Many homeowners are set to see hundreds of pounds knocked off the annual cost of their mortgages.

The reductions will come as lenders recalculate interest rates to take into account last year's cuts.

Borrowers with annual review mortgages are set to see repayments on a £60,000 mortgage fall by up to £76 a month as they benefit from the two per cent drop in interest rates seen during last year.

Annual review mortgages, which are offered by some of the UK's major lenders including Halifax and Nationwide, set the rate at which a loan is repaid at the beginning of the year.

The rate does not move with interest rate cuts or rises but is recalculated at the end of the year to take them into account, with some lenders deducting the amount customers have overpaid due to rate changes from the sum they owe.

The mortgages were popular during periods of interest rate volatility as monthly payments stayed the same throughout the year, helping people to budget.

The majority of lenders review rates for these mortgages between the beginning of January and April.

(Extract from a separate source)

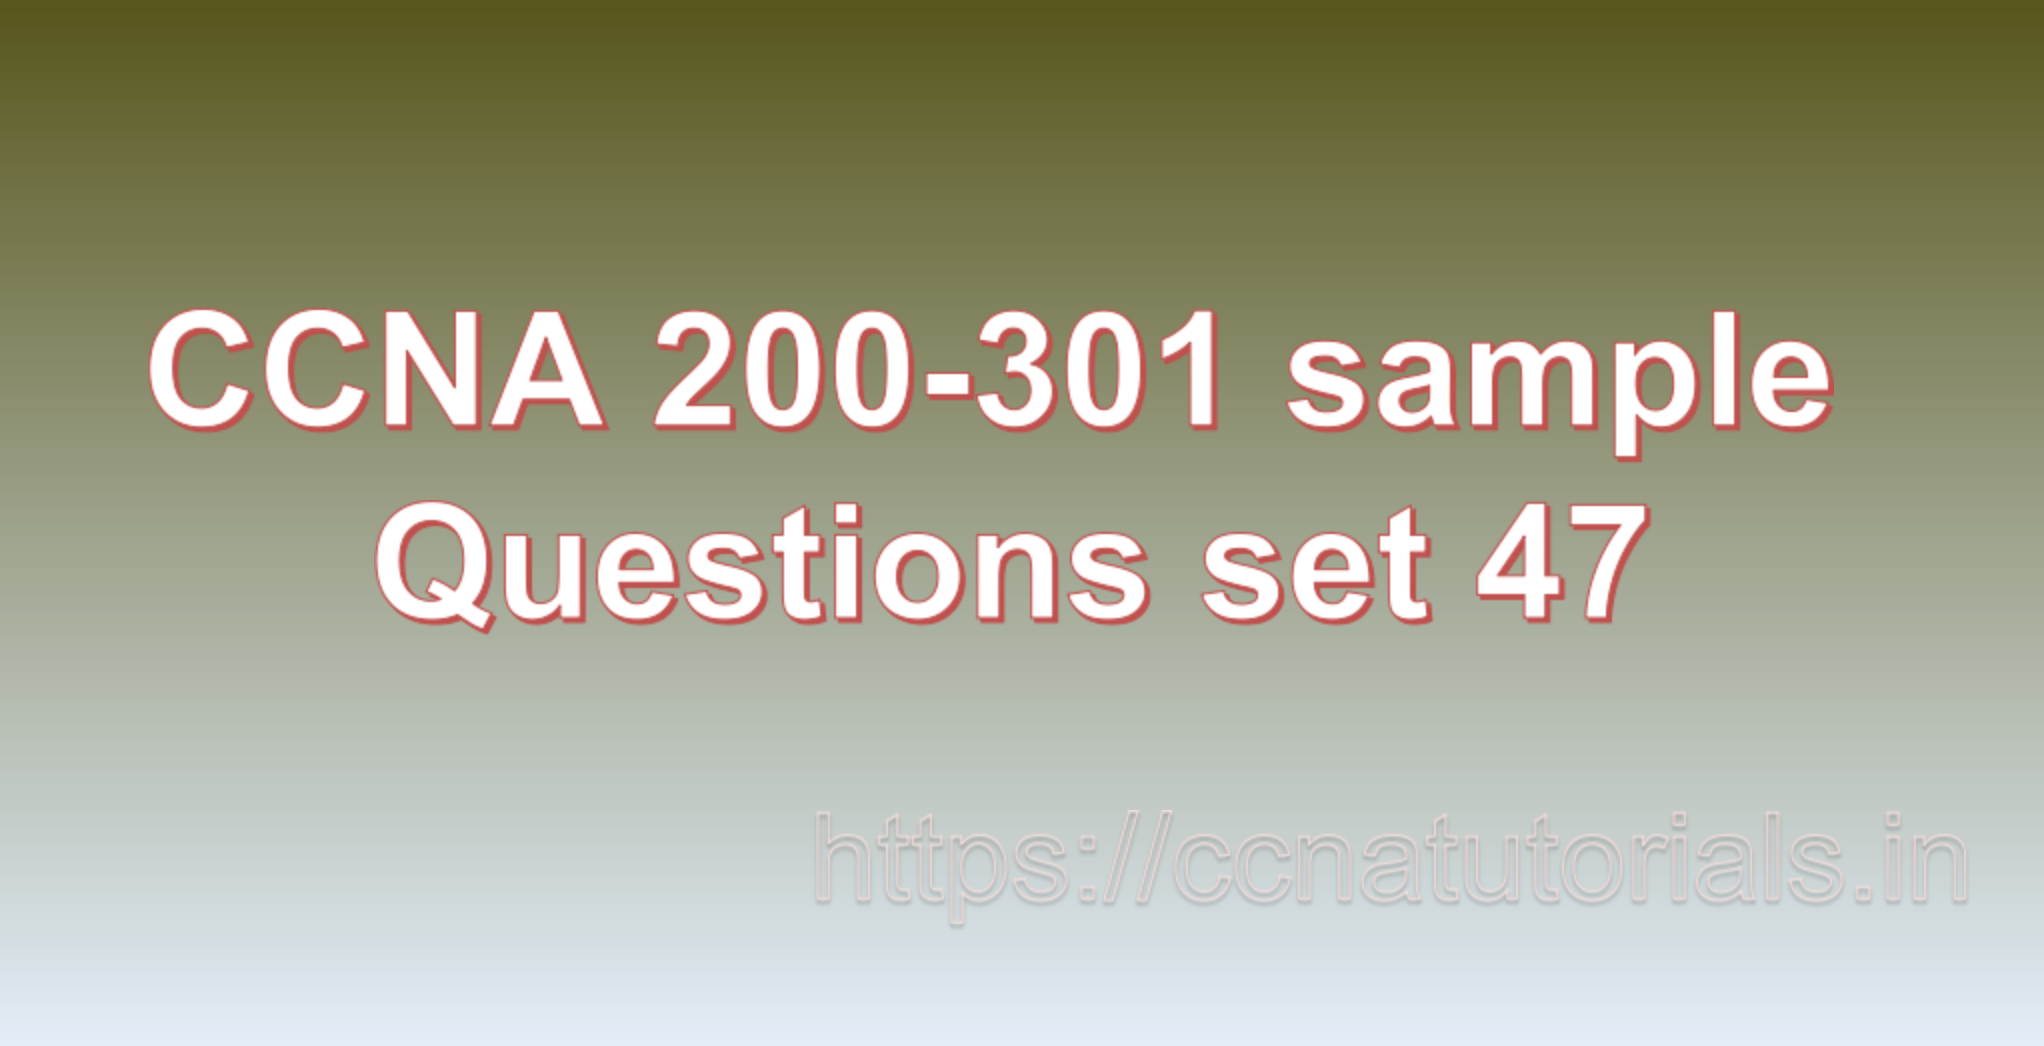 ccna sample questions set 47, ccna tutorials, CCNA Exam, ccna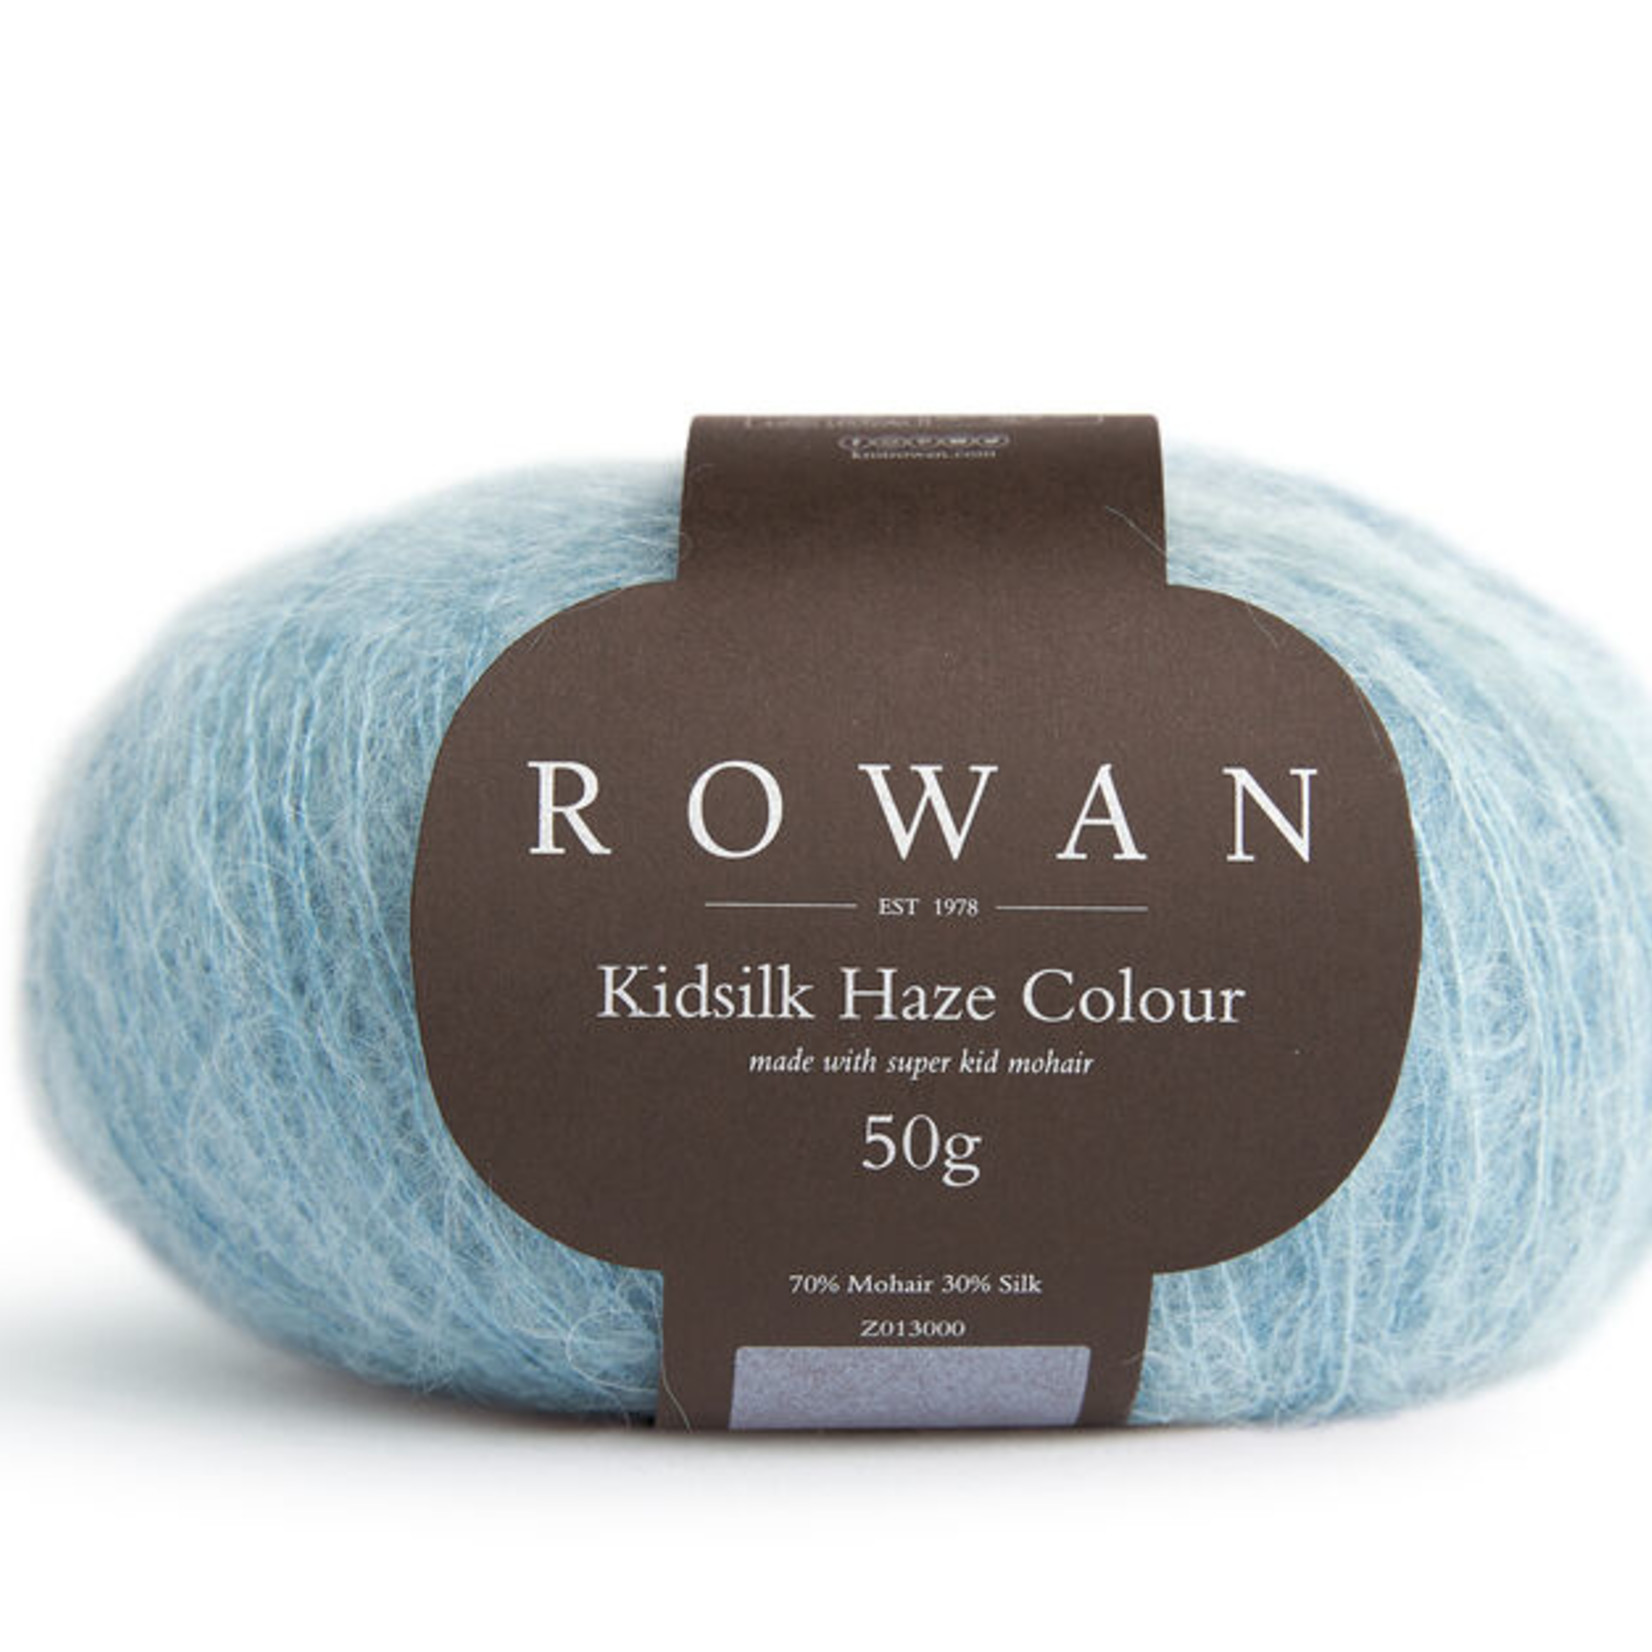 Rowan RN KSH Colour

Cheltenham and Glou-cester said borrowers on its Annual Instalment Review Scheme would see their mortgage interest rate fall to 5.95 per cent from March 1, after being 7.50 per cent since March 2001.

The reduction will knock almost £60 off monthly repayments on a £60,000 mortgage, reducing them to £388.92 from £448.55 during the previous year.

Halifax is waiting for the results of this week's meeting of the Monetary Policy Committee before it sets the rates for its Budget Plan mortgage for the year from April 1, 2002.

But the group said if interest rates remain at four per cent, borrowers would see a significant reduction of about two per cent, with their rate coming down from 7.74 per cent to around 5.75 per cent.

Nationwide is set to reduce the rate for people with an annual review option on their mortgage from February 1 to 4.74 per cent compared with 7.09 per cent in February last year.